There are many flowers still blooming in this corner of New Hampshire but it has been very dry so those that bloom don’t last long. The oddest thing about this photo is the cloudy sky. We’ve had blue sky, full sun weather for what seems like months, with only an occasional rainy day. It might seem odd to hear someone complain about that, but it has also led to drought and many seeps and small streams have dried up. Full sunshine doesn’t make photographing flowers any easier either, so I keep hoping for clouds.

2.Turtlehead

Turtleheads tell me that late summer is here.  I found this pink lipped beauty on wet ground up in Nelson New Hampshire recently. Usually the native turtleheads I see are the white flowered variety (Chelone glabra linifolia,) but I have a pink flowered one (Chelone obliqua speciosa) in my garden that a friend gave me many years ago. I wonder if the white and pink varieties have naturally cross bred to create this bicolored example. It could also be a simple garden escapee, because there is a plant that breeders developed called Hot Lips (Chelone lyonii ‘Hot Lips‘). The plant gets the first part of it scientific name from Chelone of Greek mythology. She was a nymph who insulted the gods and was turned into a turtle for her trouble.

3. Coneflower

Purple cone flower (Echinacea purpurea) is known for its medicinal qualities as well as its beauty. According to the USDA the plant was used by many Native American tribes throughout North America to treat a variety of ailments.
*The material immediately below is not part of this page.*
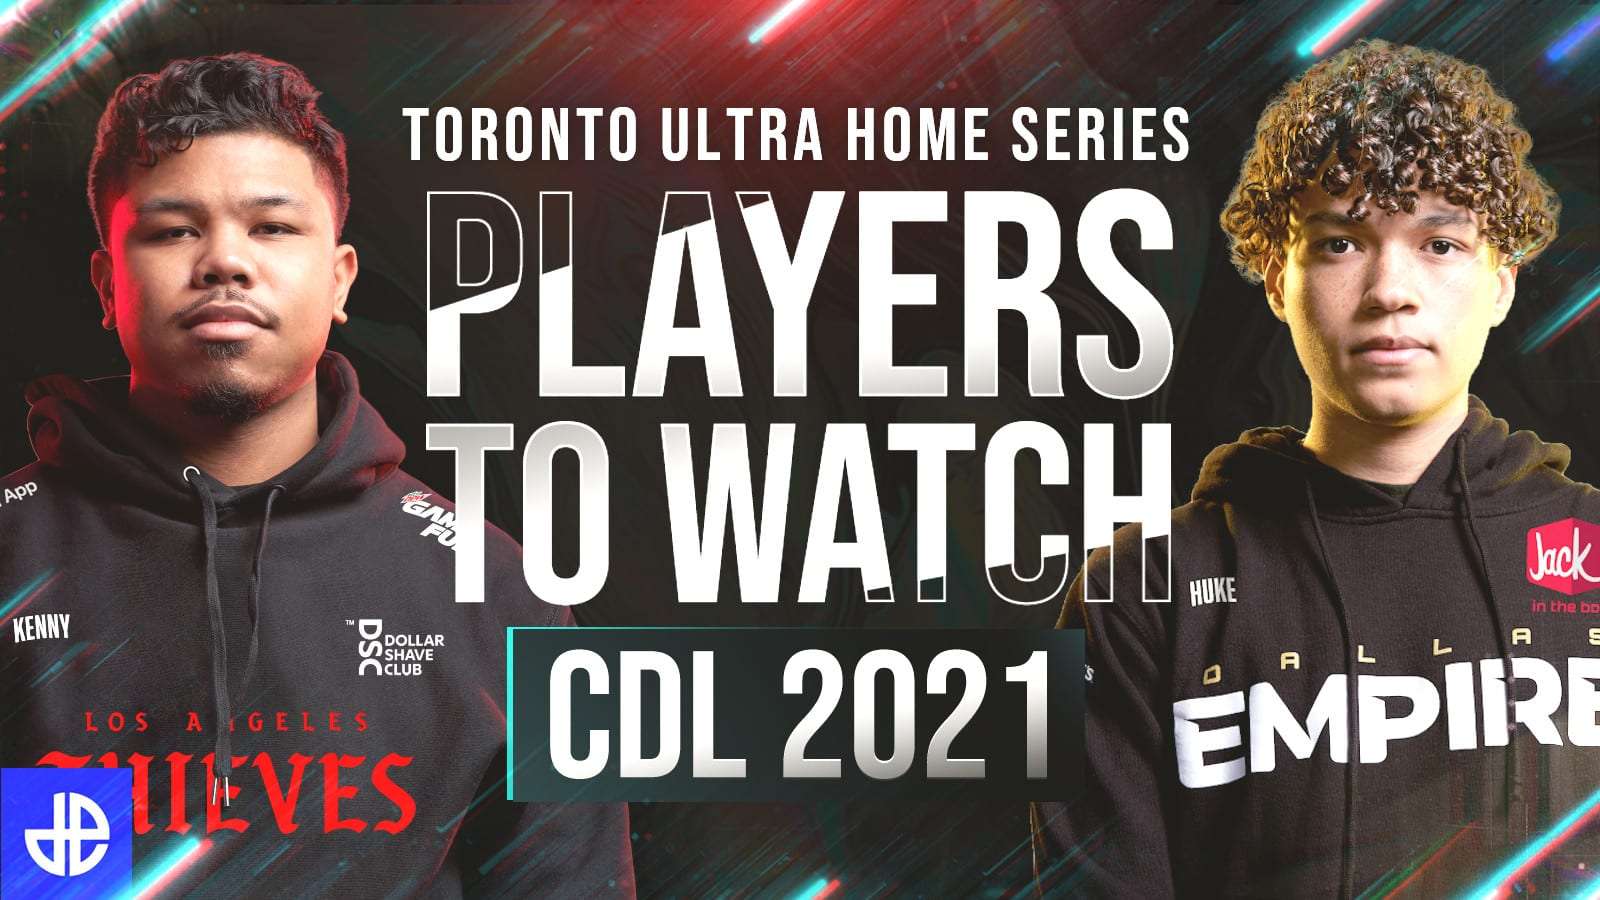 cdl 2021 players to watch toronto home series header

It was used as a pain reliever, anti-inflammatory, a treatment for toothaches, coughs, colds, and sore throats. It was also used as an antidote for various forms of poisonings, including snake bite. Portions of this plant were also used to dress wounds and treat infections. Modern medicine has found it useful to combat bacterial and viral infections and as an immune system booster. I grow it because butterflies and bees like its nectar and birds like the seeds.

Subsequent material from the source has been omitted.